This guide explains how broadcast works in Vona within the Cabloy monorepo.

Why broadcast matters

Broadcast lets one worker emit a message that multiple worker processes can receive and act on.

This is important because some business logic is not point-to-point background work. It is multi-worker coordination work.

Create a broadcast

Example: create a broadcast named echo in module demo-student.

bash
npm run vona :create:bean broadcast echo -- --module=demo-student

Broadcast definition

Representative shape:

typescript
@Broadcast()
export class BroadcastEcho
  extends BeanBroadcastBase<TypeBroadcastEchoJobData>
  implements IBroadcastExecute<TypeBroadcastEchoJobData>
{
  async execute(data: TypeBroadcastEchoJobData, isEmitter?: boolean) {
    if (!isEmitter) {
      console.log(`pid: ${process.pid} message: ${data.message}`);
    }
  }
}

The isEmitter flag is especially important because it lets the current worker avoid duplicating work it already performed locally.

Emit a broadcast

Representative usage:

typescript
this.scope.broadcast.echo.emit({ message: 'Hello world' });

A practical interpretation is:

  • the emitter starts the fan-out
  • every receiving worker can execute the same logic
  • the emitter can skip duplicate local work by checking isEmitter

Broadcast options

Broadcast options include:

  • instance
  • transaction

Representative decorator pattern:

typescript
@Broadcast({
  instance: true,
  transaction: true,
})
class BroadcastEcho {}

This matters because broadcast behavior may depend on tenant initialization or transactional execution guarantees.

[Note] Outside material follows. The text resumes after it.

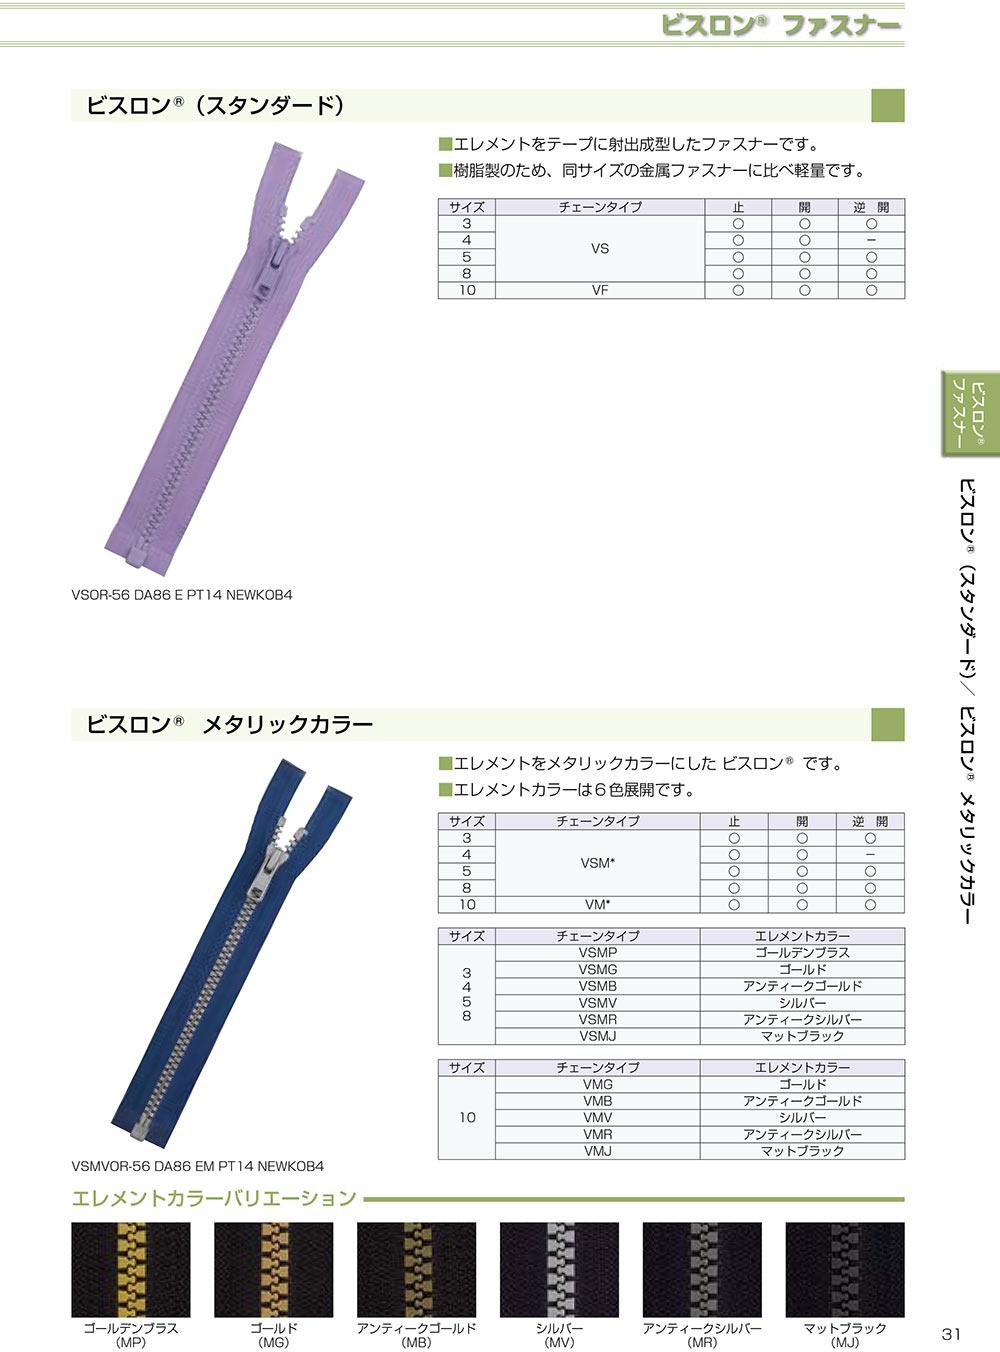 3VSC YKKビスロンファスナー 3サイズ 止め YKK/オークラ商事 - ApparelX アパレル資材卸通販

Configure broadcasts in app config

Broadcast options can also be overridden in app config.

Representative pattern:

typescript
config.onions = {
  broadcast: {
    'demo-student:echo': {
      instance: true,
      transaction: true,
    },
  },
};

Broadcast vs queue vs election

Read this guide together with:

A practical split is:

  • use broadcast when many workers should all receive the same signal or perform the same category of work
  • use queue when one background execution path should process a job asynchronously
  • use election when only one worker, or a fixed small number of workers, should own the responsibility

This distinction matters because all three features are distributed primitives, but they solve different coordination problems.

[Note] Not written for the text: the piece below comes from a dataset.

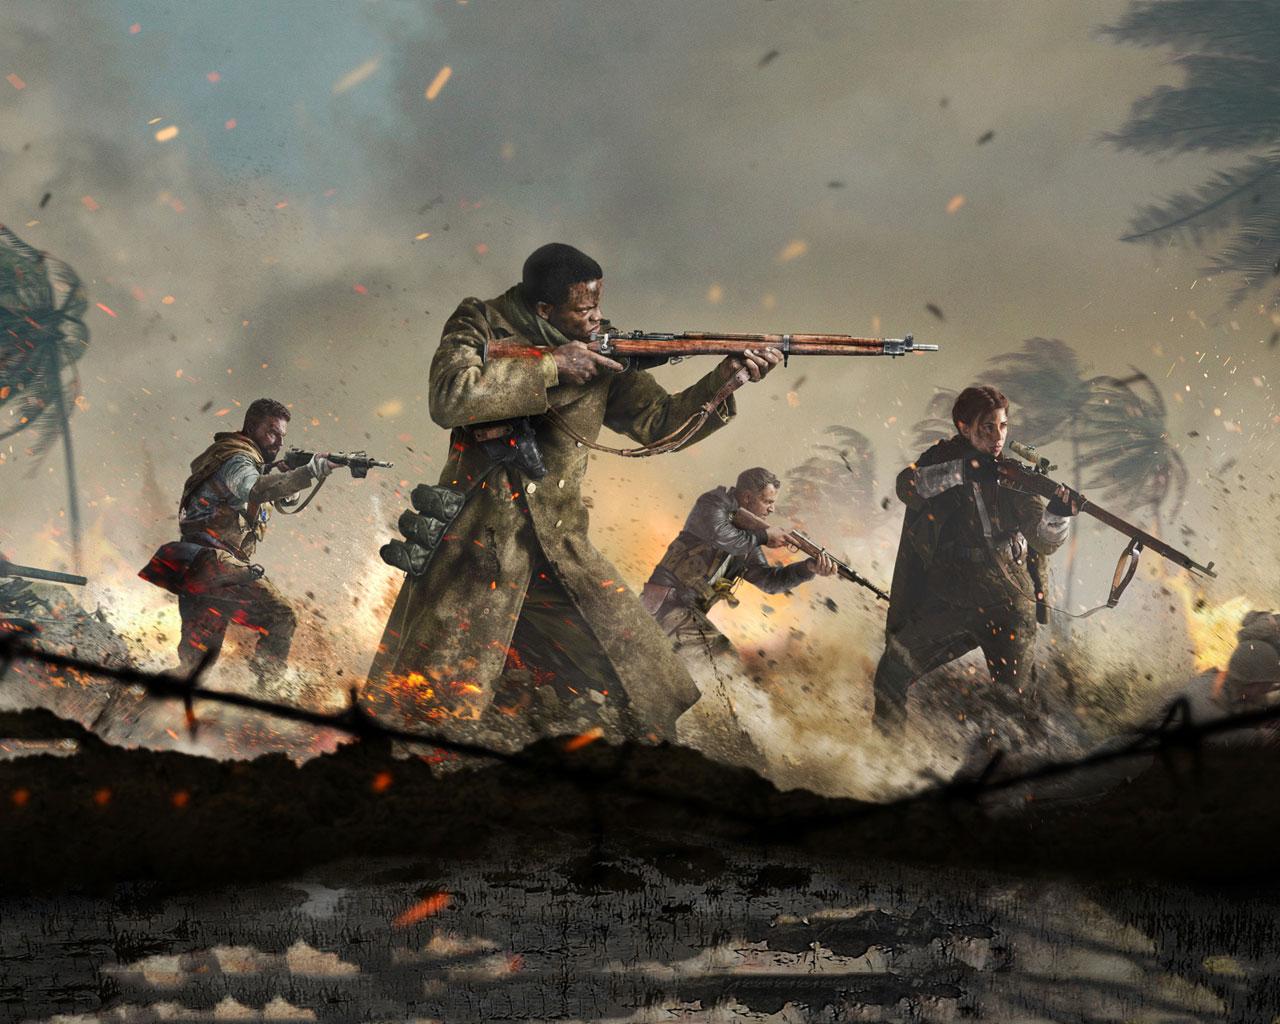 Free Call of Duty: Vanguard Wallpaper in 1280x1024

Relationship to backend runtime initialization

Broadcast is not the same as startup.

A useful mental model is:

  • startup initializes backend capabilities and lifecycle hooks
  • election chooses the owner for singleton-like responsibilities
  • broadcast fans out a message to many workers after the runtime is active

That keeps runtime initialization separate from runtime signaling.

Inspection

The effective broadcast list can be inspected for debugging and operational clarity.

Representative pattern:

typescript
this.bean.onion.broadcast.inspect();

Implementation checks for multi-worker broadcast changes

When evaluating multi-worker coordination needs, ask:

  1. is this really a queue job, or is it a broadcast?
  2. should the emitter worker also execute the business logic?
  3. does the logic require instance initialization?
  4. should the execution run inside a transaction?
  5. is this actually a singleton-ownership problem that belongs to election instead?

That helps distribute the right kind of work through the right abstraction.

Released under the MIT License.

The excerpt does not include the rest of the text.